(Data segment)
------------------------------------------------------------------------
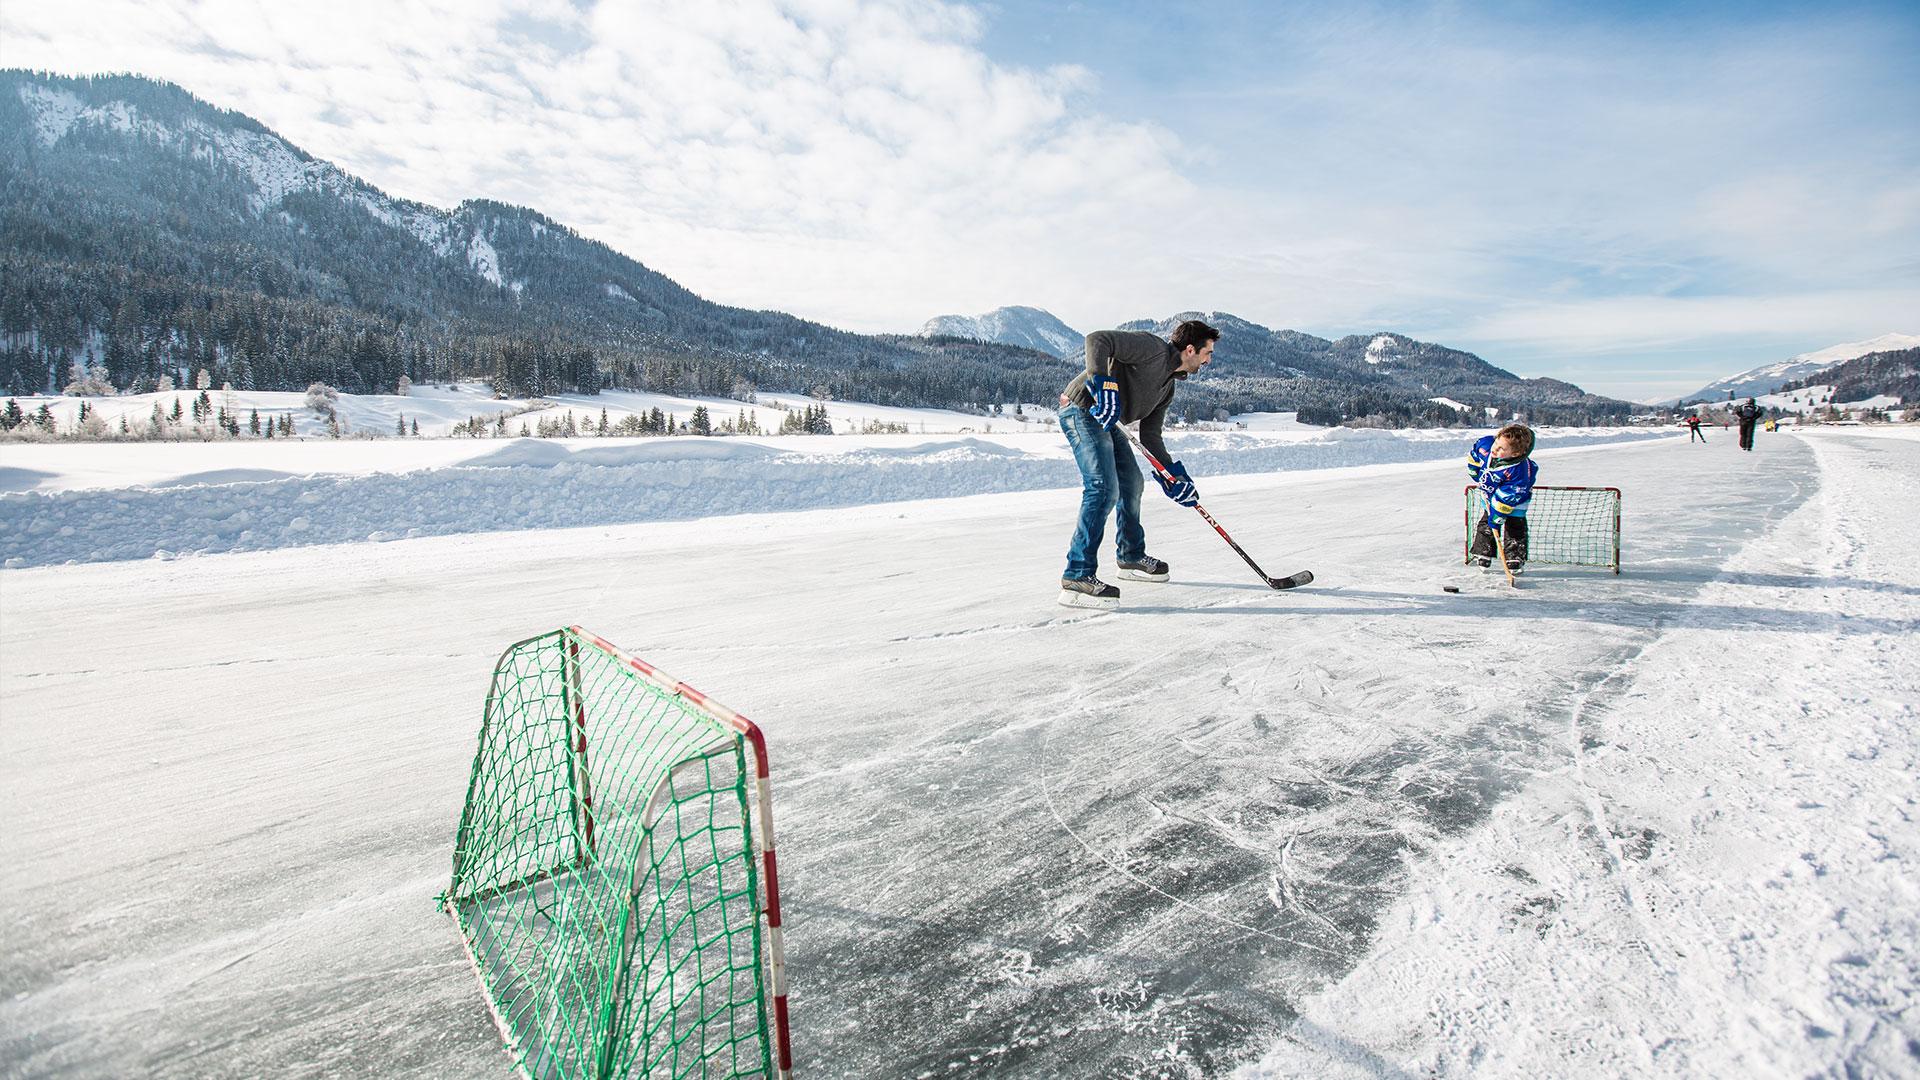 Eishockey-Aktivitaeten
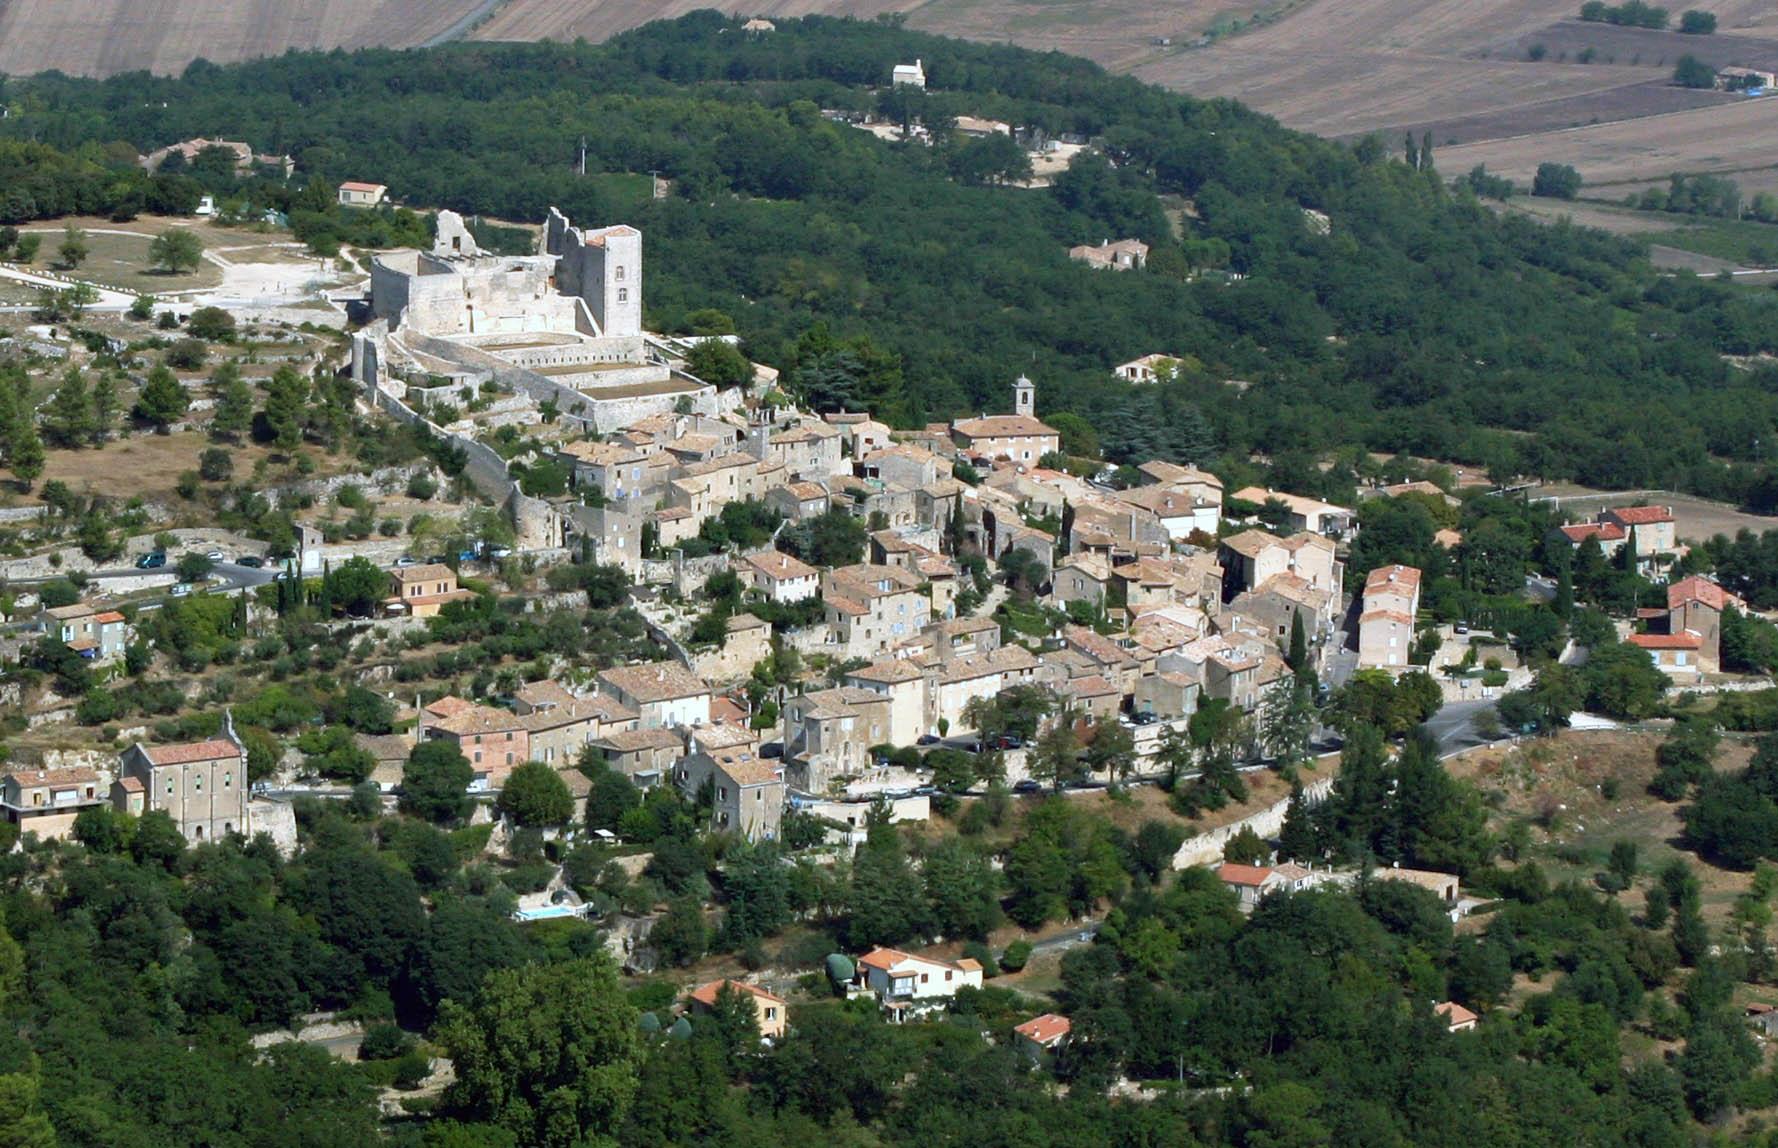 Le village de Lacoste et son chateau
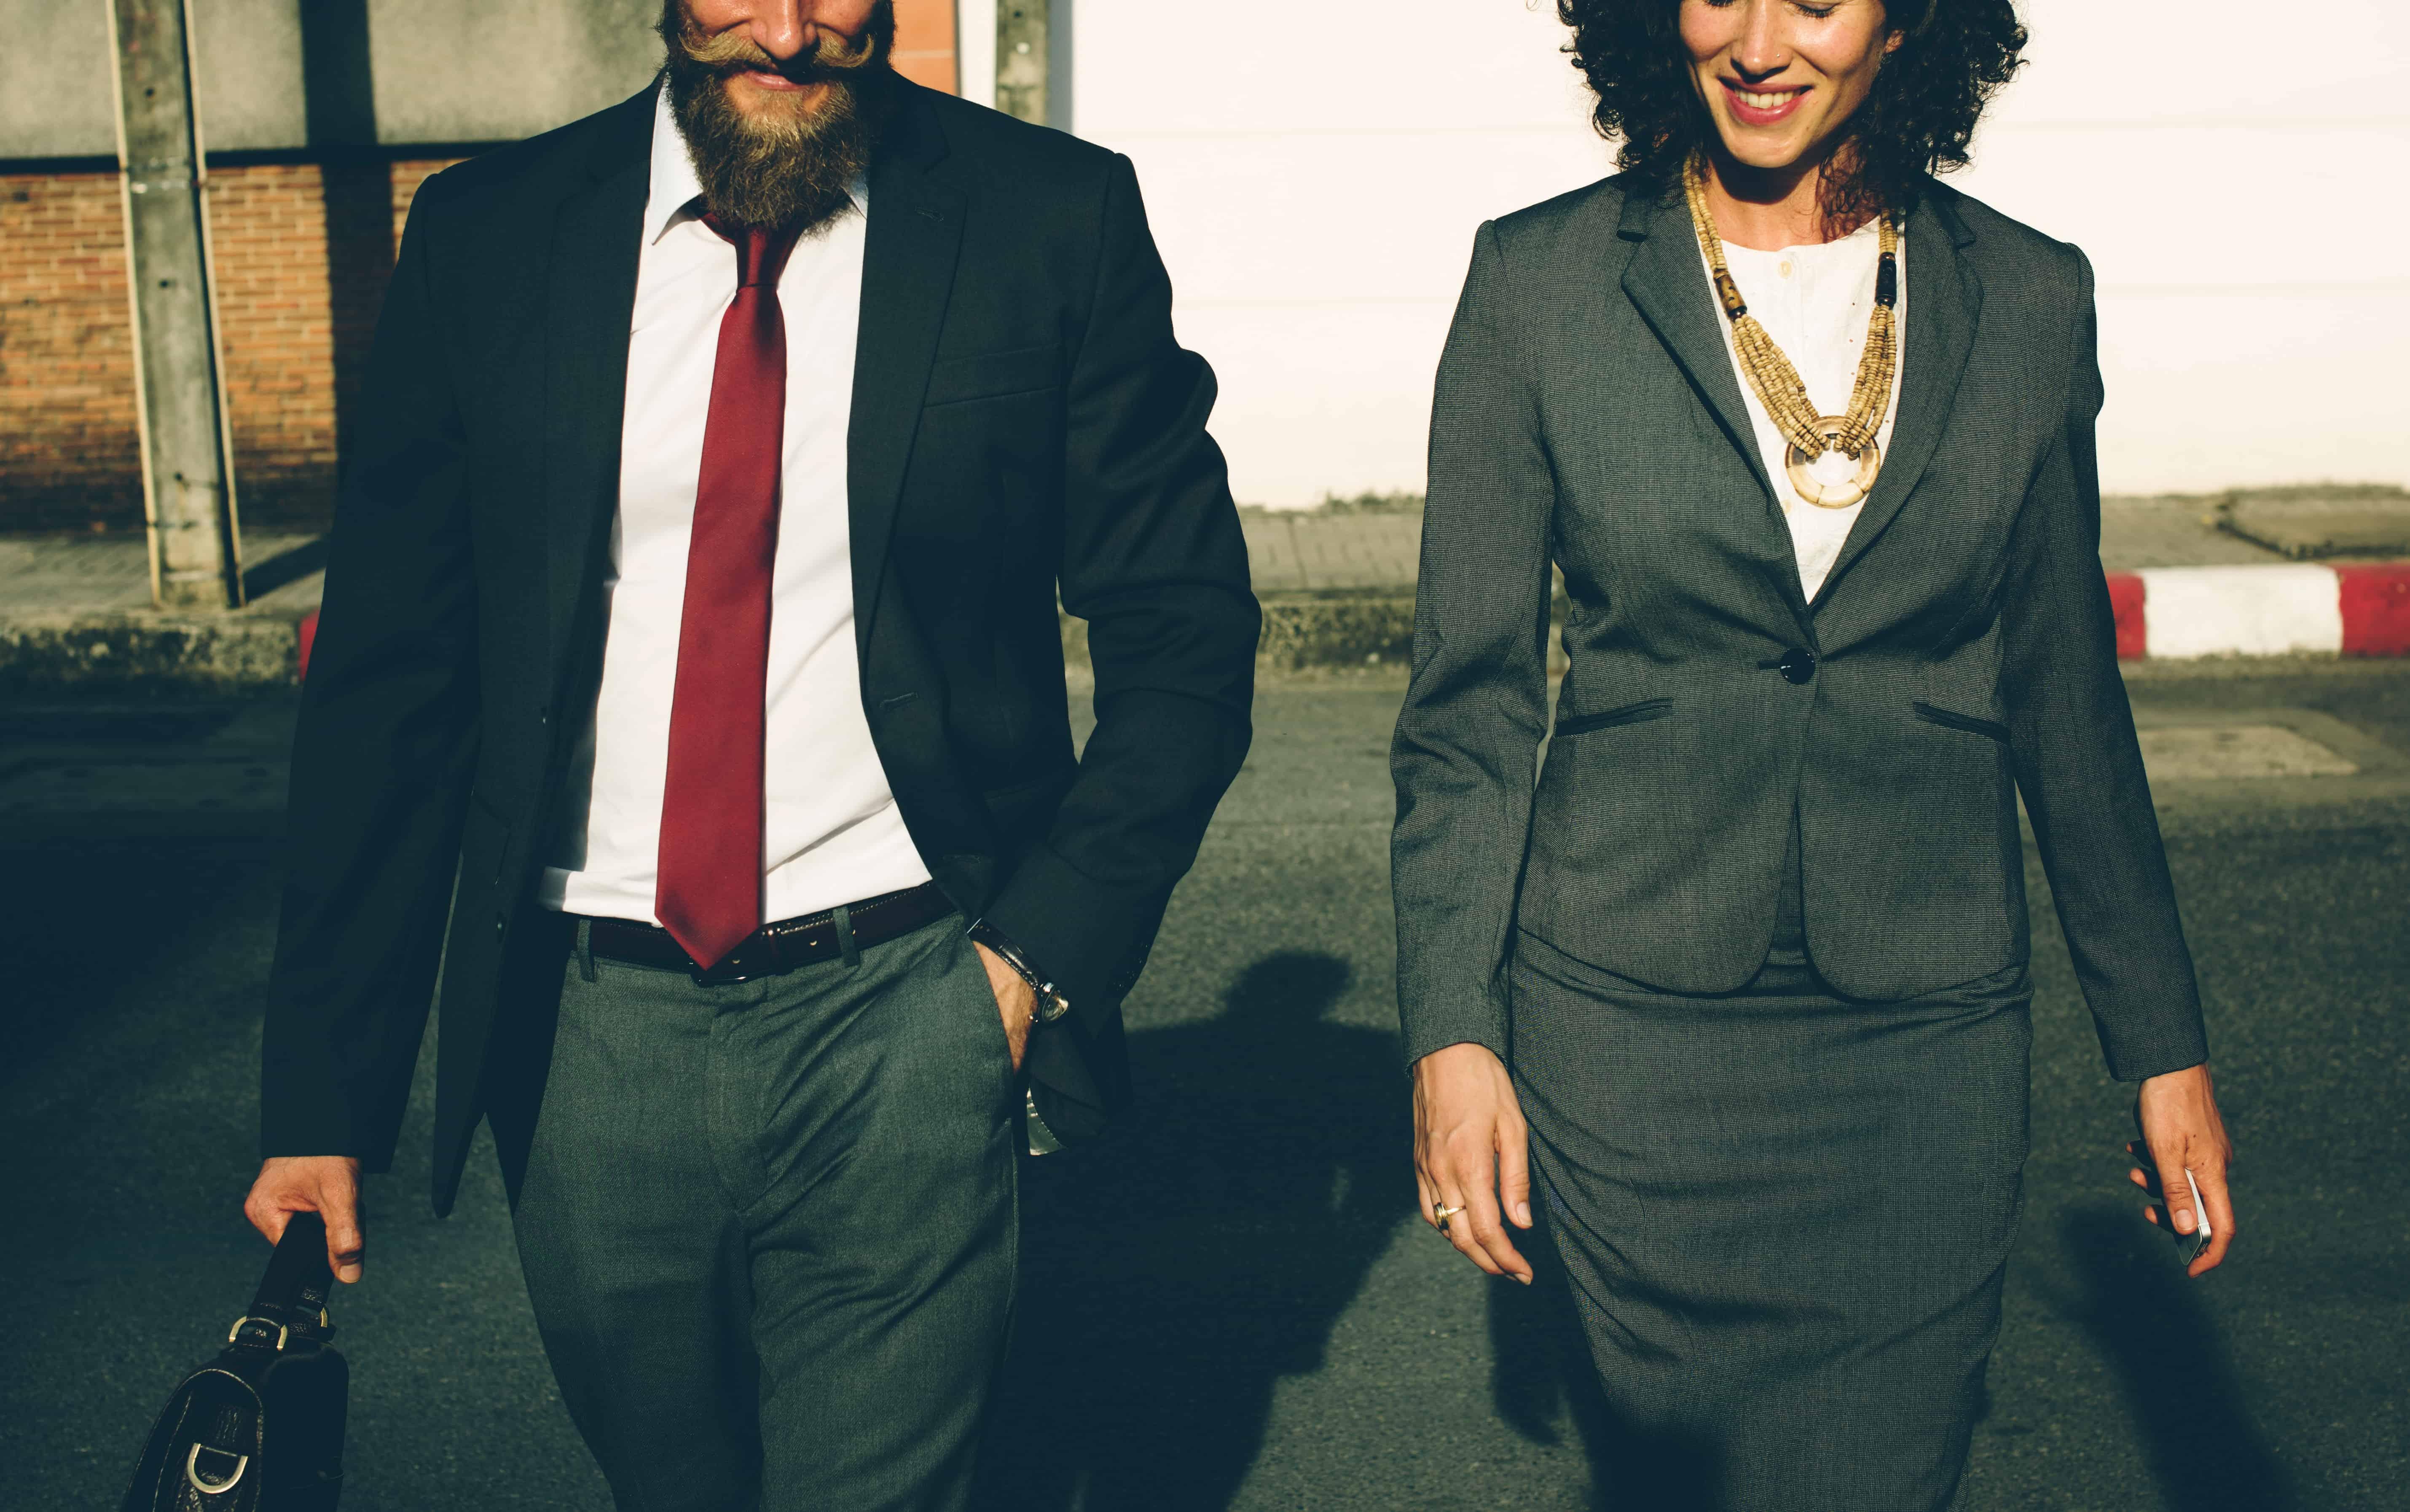 Devo ter um sócio? 5 vantagens e 4 desvantagens da parceria
------------------------------------------------------------------------
(Your assignment) The job is to set down the whole listing exactly, excluding any images.

(Response area)
 Eishockey-Aktivitaeten
 Le village de Lacoste et son chateau
 Devo ter um sócio? 5 vantagens e 4 desvantagens da parceria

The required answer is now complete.